What the new process made possible

Sports Intake form — faster stakeholder approval

When designing a new "Sports physical" health form for students, our new "Strategy align" checkpoint let us share early design thinking with Product. Product then brought this thinking directly into Legal review — which meant we got Legal approval on design concepts much earlier than usual, saving the whole team significant time.

Sports intake success

Sports Intake: our Strategy Align checkpoint led to faster Legal approval and a smoother process overall.

Sports Notice of Self-Pay — fewer feedback loops

Our new "Lo-fi review" checkpoint let Product see early options and give feedback before we invested in high-fidelity work. For the Sports Notice of Self-Pay, we walked through multiple options for parent/guardian consent at the wireframe stage — and didn't have to go back and do costly rework later.

Sports notice success

Sports Notice of Self-Pay: Lo-fi review eliminated the rework that would have happened later.

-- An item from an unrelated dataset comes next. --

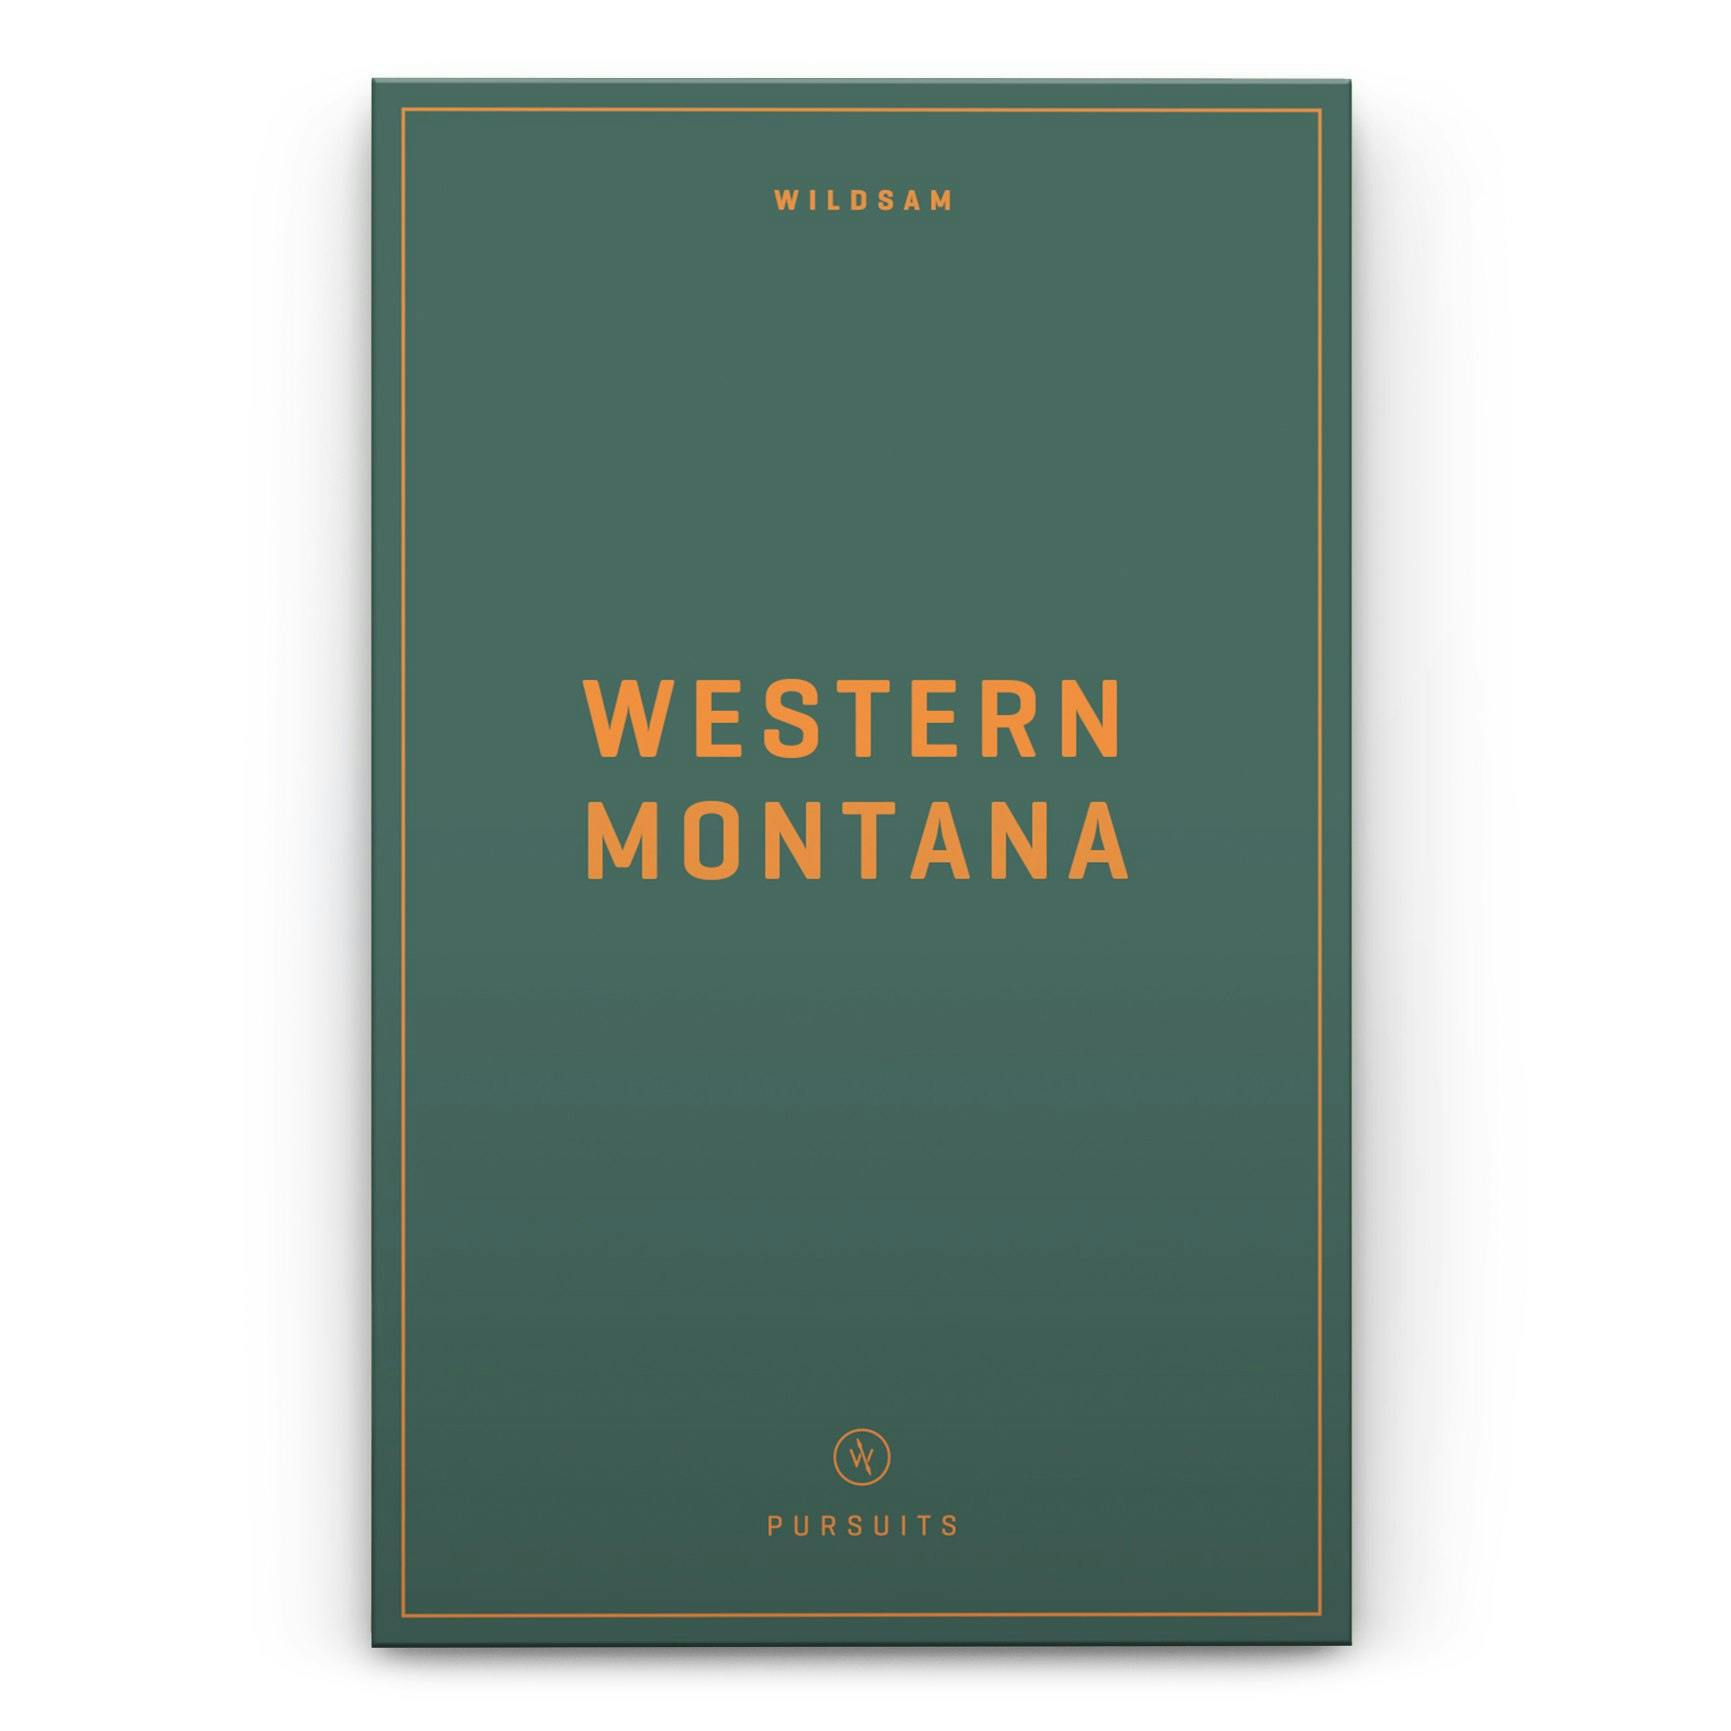 Western Montana Field Guide

Next Gen Visit Manager — Product in research from the start

Sharing research during our new "UXR review" checkpoint gave Product the context of real user pain points that they otherwise wouldn't have seen until much later. This opened the door to much deeper explorations of how we could simplify the patient check-in experience.

Next Gen VM success

Next Gen Visit Manager: UXR review gave Product the context to think bigger about the check-in experience.

In-Clinic Tablet — clearer requirements for a tight deadline

When an urgent feature needed to be completed in one sprint, our "Feature Intro" and "Strategy Align" checkpoints ensured Design understood the "why" behind the business request from day one. This made our communication smoother and our designs more on-target from the very beginning.

In-Clinic Tablet success

In-Clinic Tablet: new checkpoints made a one-sprint turnaround feel smooth instead of chaotic.

Check-in SMS — a content decision made in 30 minutes

In the old process, updating a single line of content might have required multiple Rally stories and multiple rounds of reviews. With our new "Feature intro" checkpoint, Jordan set up a 30-minute brainstorm, and we made the decision with Product in a Teams chat within an hour. The new process freed us to move at the speed the work actually required.

Check-in SMS success

Check-in SMS: a content decision that would have taken days in the old process took 30 minutes in the new one.


Impact

Results the team felt right away

Both Design and Product noticed the difference immediately. Here's what Product leadership shared with us directly:

"I love the real time collaboration and iteration."
"You're too fast! From insight to solution in under 4 hours. Who has time for a user story?!"
"Omg that turnaround time."
"Trust among all team members increased and our frustration in the process was now gone."
35% fewer sprints
Features delivered in one fewer sprint on average due to clearer requirements and fewer feedback loops
20% fewer stories
Designers estimated work more accurately when requirements were clear from the start
90% conversion rate
Visit Manager increased from 81% to 90% through faster iteration enabled by the new process
Happier team
Both Design and Product happiness scores improved after the new process took effect
CVS Excellence Award, Summer 2023
Recognized for large-scale team and business impact
Design Director Ethan Maehl nominated Jordan and me for the CVS Excellence Award for these changes. The award is given to colleagues who "demonstrate a deep commitment to CVS behaviors, evidenced by a successful idea, action, or recent accomplishment that has a large impact on CVS teams, the business, or customers." We were honored to win it that summer.